East Hampton windmill gets second wind
As East Hampton's historic Hook Windmill seemingly levitated above the village green, Tony Winters squeezed into a cramped space beneath the 1806 landmark and penciled a pattern on a massive timber.
After checking his lines with a T-square, Winters and boss Richard Baxter went to work, using a power saw for a rough cut and then, for the delicate touches, carefully chipping out the wood with an old-fashioned mallet and chisel.
It was one step in trying to extend the life of the four-story structure by at least a few more centuries.
Windmill preservation is taken seriously on the East End, home to 11 centuries-old wind-powered grist mills built in what began as English settlements. They are the largest surviving regional group of windmills in the nation, said Robert Hefner, a windmill expert and preservation consultant overseeing the project.
Despite the weak economy, East Hampton village, which owns three mills, didn't balk at allocating $200,000 to restore the Hook Windmill, which in its day represented state-of-the-art wooden technology. The project includes a new timber foundation, replacement of rotted ends of support posts - work that Winters and Baxter began several weeks ago - and adding new cedar shingles.
"How could we not spend the money?" asked village administrator Larry Cantwell. "It's clearly historically significant, and it's an icon for the village," emblazoned on both the village and town seals.
"The windmills symbolize our sense of history and that this was a New England farming community," Hefner said. "And they embody the age of wooden technology."
On Long Island, Hefner said, windmills were situated primarily on the East End because land to the west had streams and harbors to provide "water power, which was cheaper, more efficient and more predictable" for grinding grains into flour.
Long Islanders can thank 19th-century artists who immortalized them in bucolic landscape paintings and prominent families like the Gardiners who were passionate about history for the high survival rate of the windmills.
"The East End, particularly the South Fork, was discovered as a summer resort, and artists came out here and loved to paint windmills, so they were valuable as part of the picturesque landscape," Hefner said.
Only a few windmills were lost. One in Orient was moved off the Island in 1898 while the Amagansett mill burned in 1924.
By the end of the year, Cantwell said, the Hook Windmill will be able to operate as it did two centuries ago.
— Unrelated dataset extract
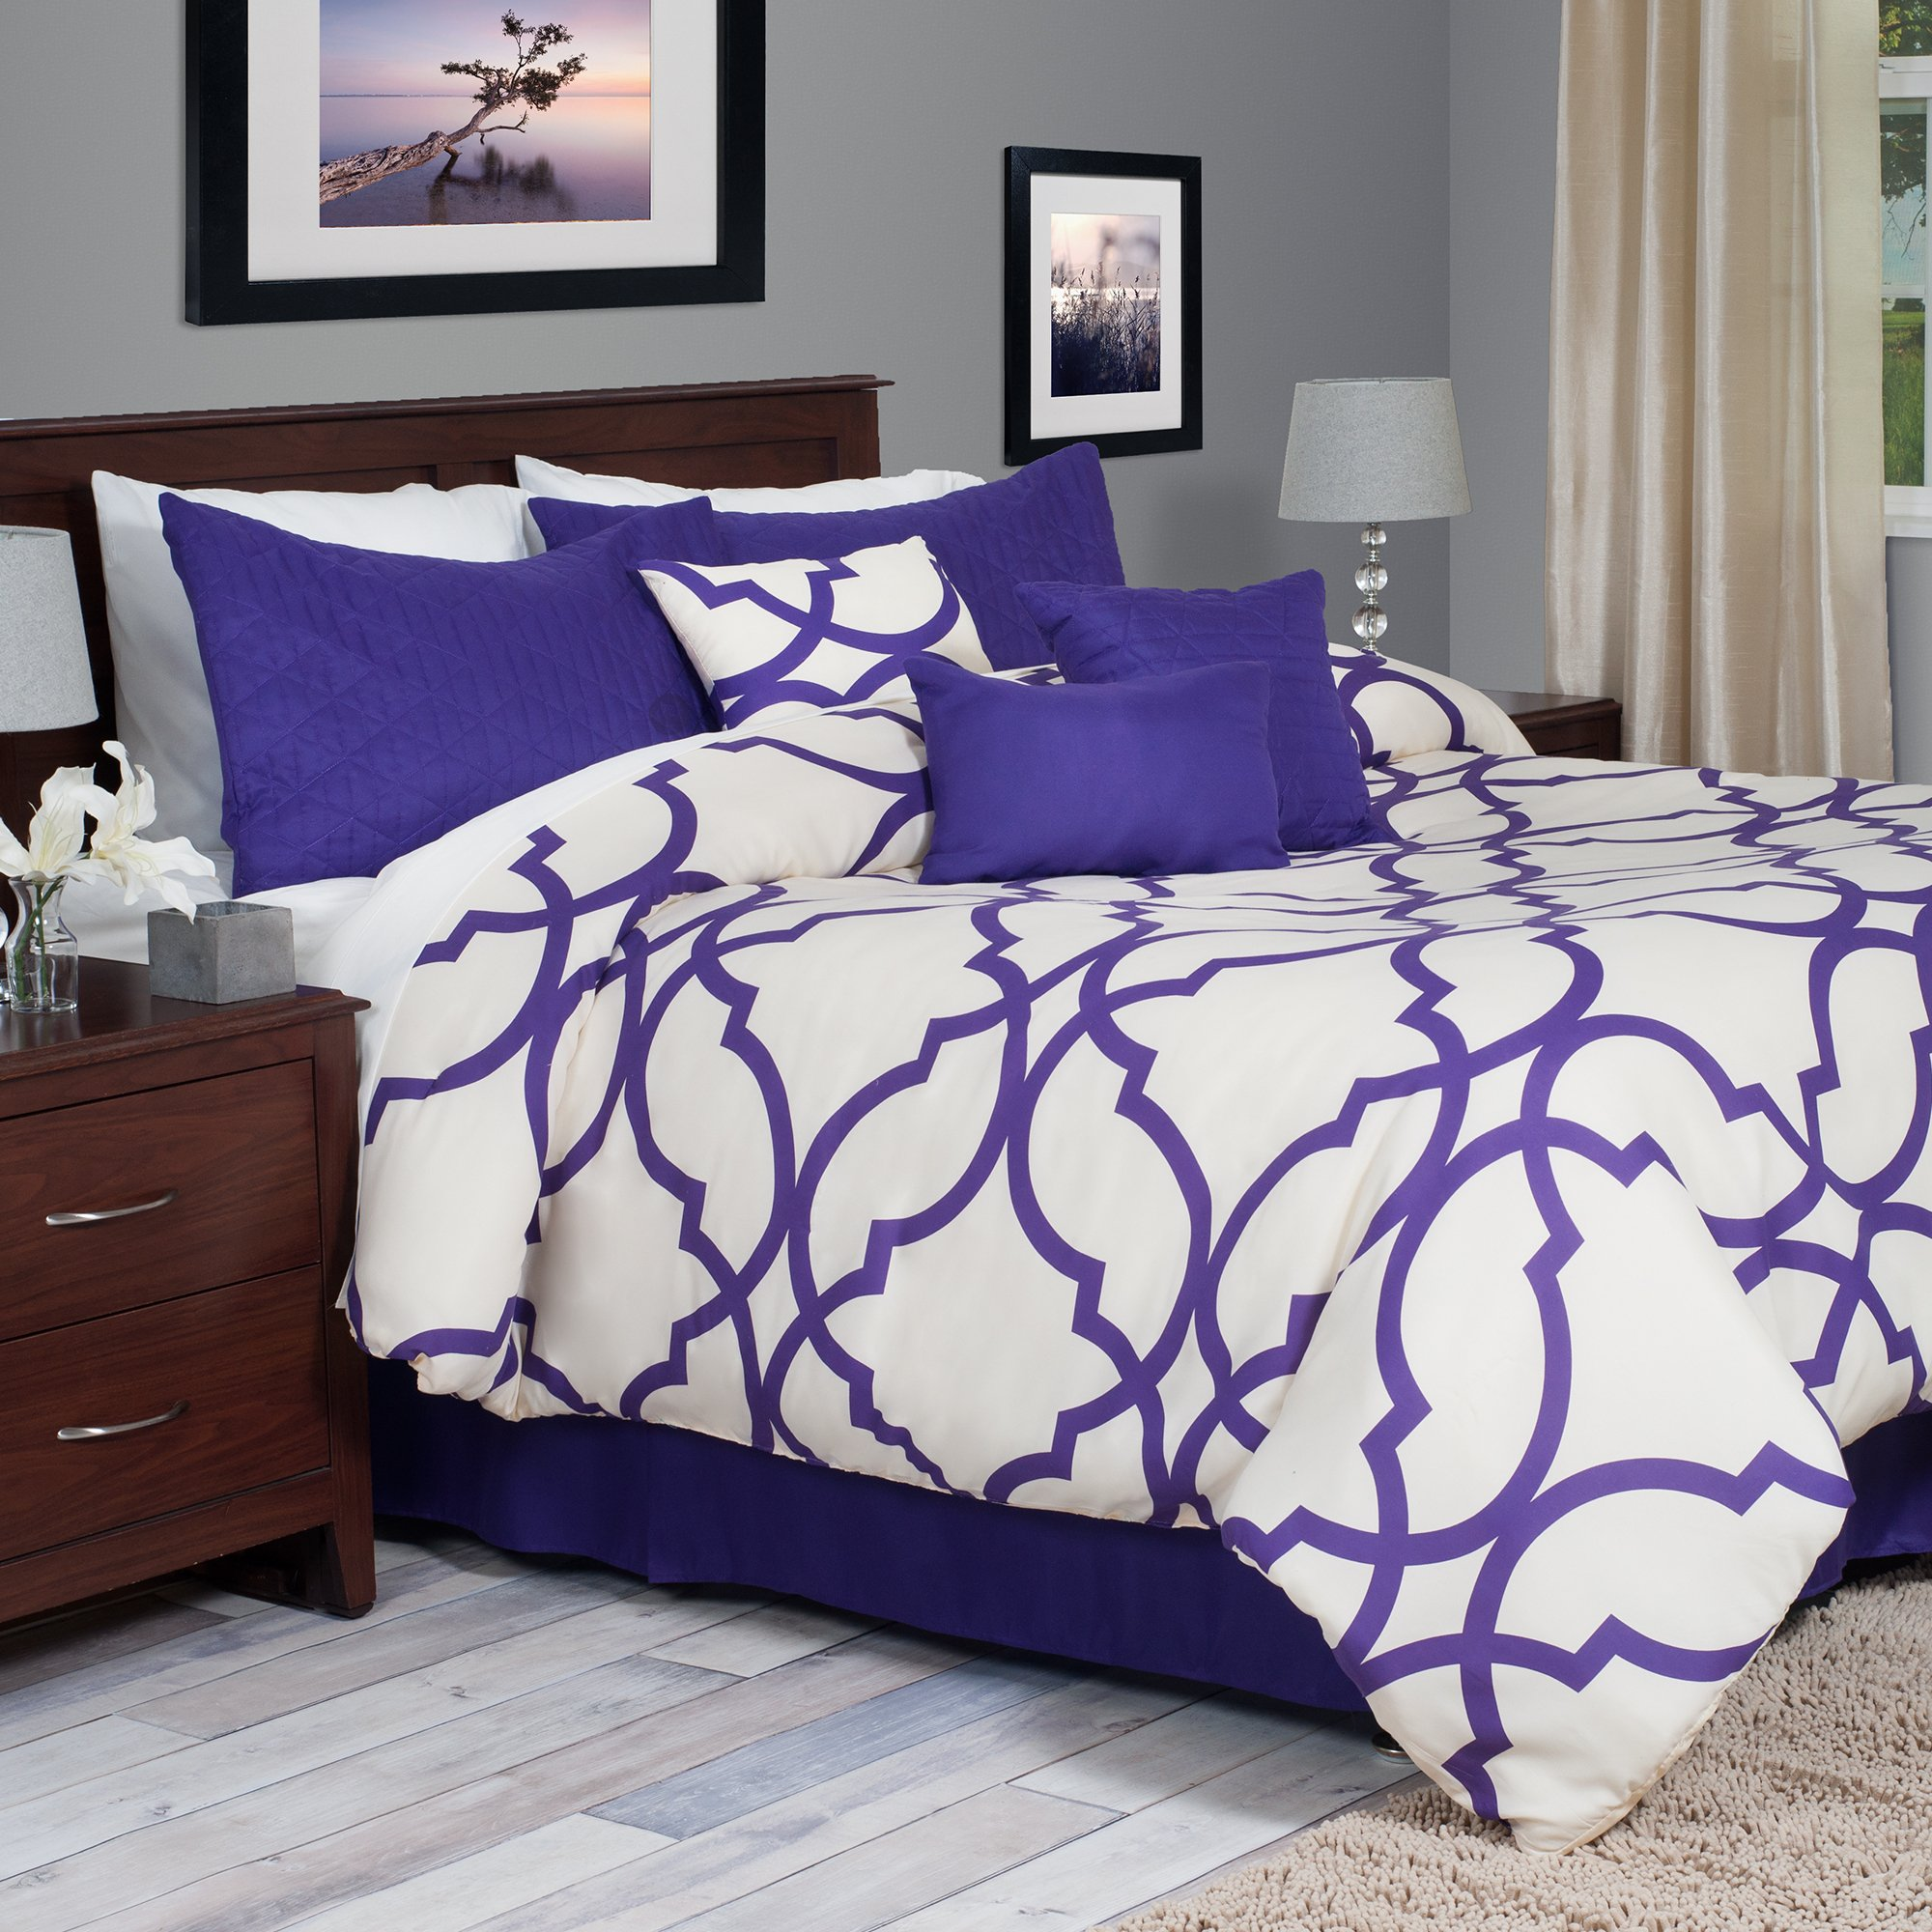 Lavish Home 7-Piece Oversized Trellis Comforter Set, King, Purple

As was the case before it deteriorated, "a couple times a year we will put the sails on and run the mill, although we don't necessarily grind anything."
The first hint the mill was in trouble surfaced about five years ago when its cap would no longer turn to face the sails into the wind. Confirmation that something was amiss came last fall when the village public works superintendent noticed the ends of floorboards on the ground level were sticking up three or four inches.
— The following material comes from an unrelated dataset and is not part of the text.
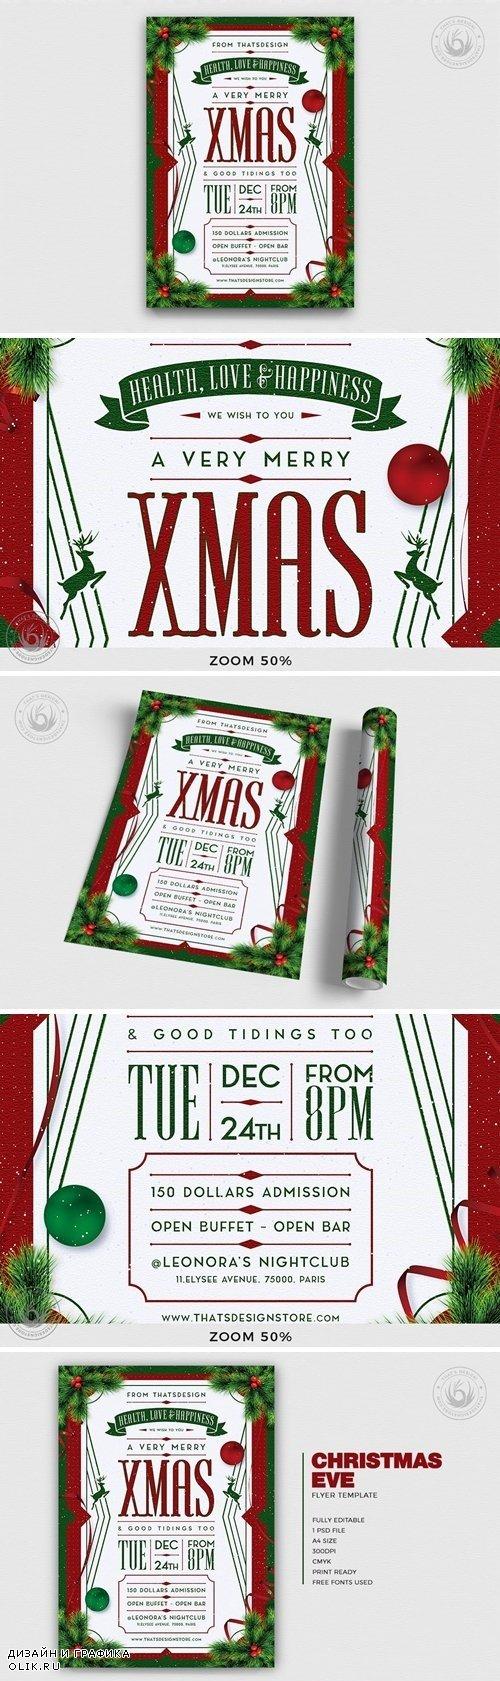 Christmas Eve Flyer Template V8 - 24803639 - 4187133

A village carpenter removed the flooring and discovered one side of the wood foundation and ends of corner posts that rested on the frame had been so riddled by powder post beetles that poking a finger into the remaining wood caused it to crumble into dust. The deterioration had allowed the structure to settle five inches on the east side.
Richard Ward Baxter Restorations of Amagansett, which had worked on all three village-owned mills, got the restoration contract. Its first task was building a new foundation from 13-by-12-inch rot-resistant heartwood from Suriname.
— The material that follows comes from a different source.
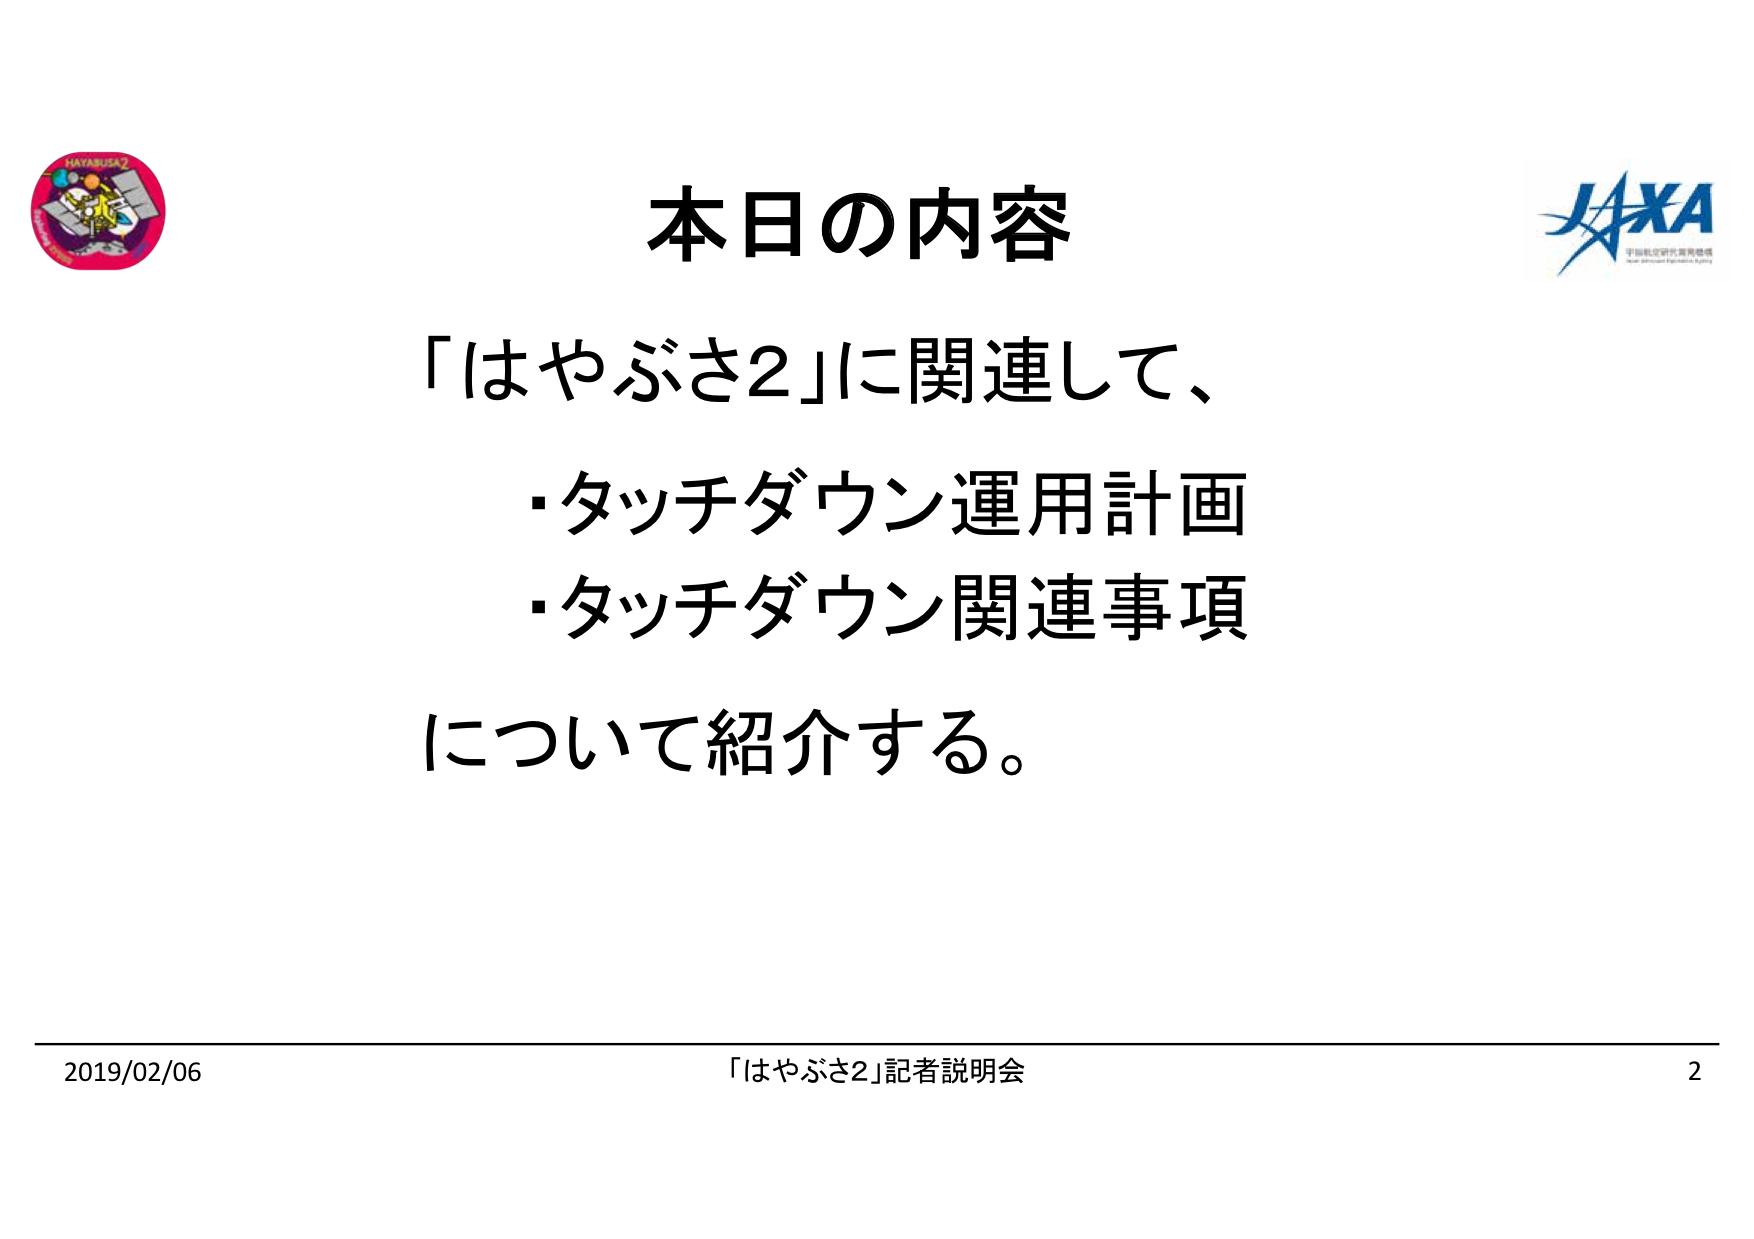 f:id:Imamura:20190204175456p:plain

It was installed after the village hired Davis Construction House & Building Movers of Westhampton Beach to raise the structure. The company used computerized hydraulic jacks to lift the mill on a grid of steel beams and place it on wooden cribbing.
"We were nervous about whether it could be leveled without damaging something," Hefner said. "But within an hour he had leveled the mill and raised it two feet without a creak."
That allowed Baxter and Winters to begin cutting off the rotted bottoms of the corner posts to "scarf," or cut, in aged sections of replacement wood up to 14 feet long. "Then hopefully," Baxter said, "the mill will last another 300 years."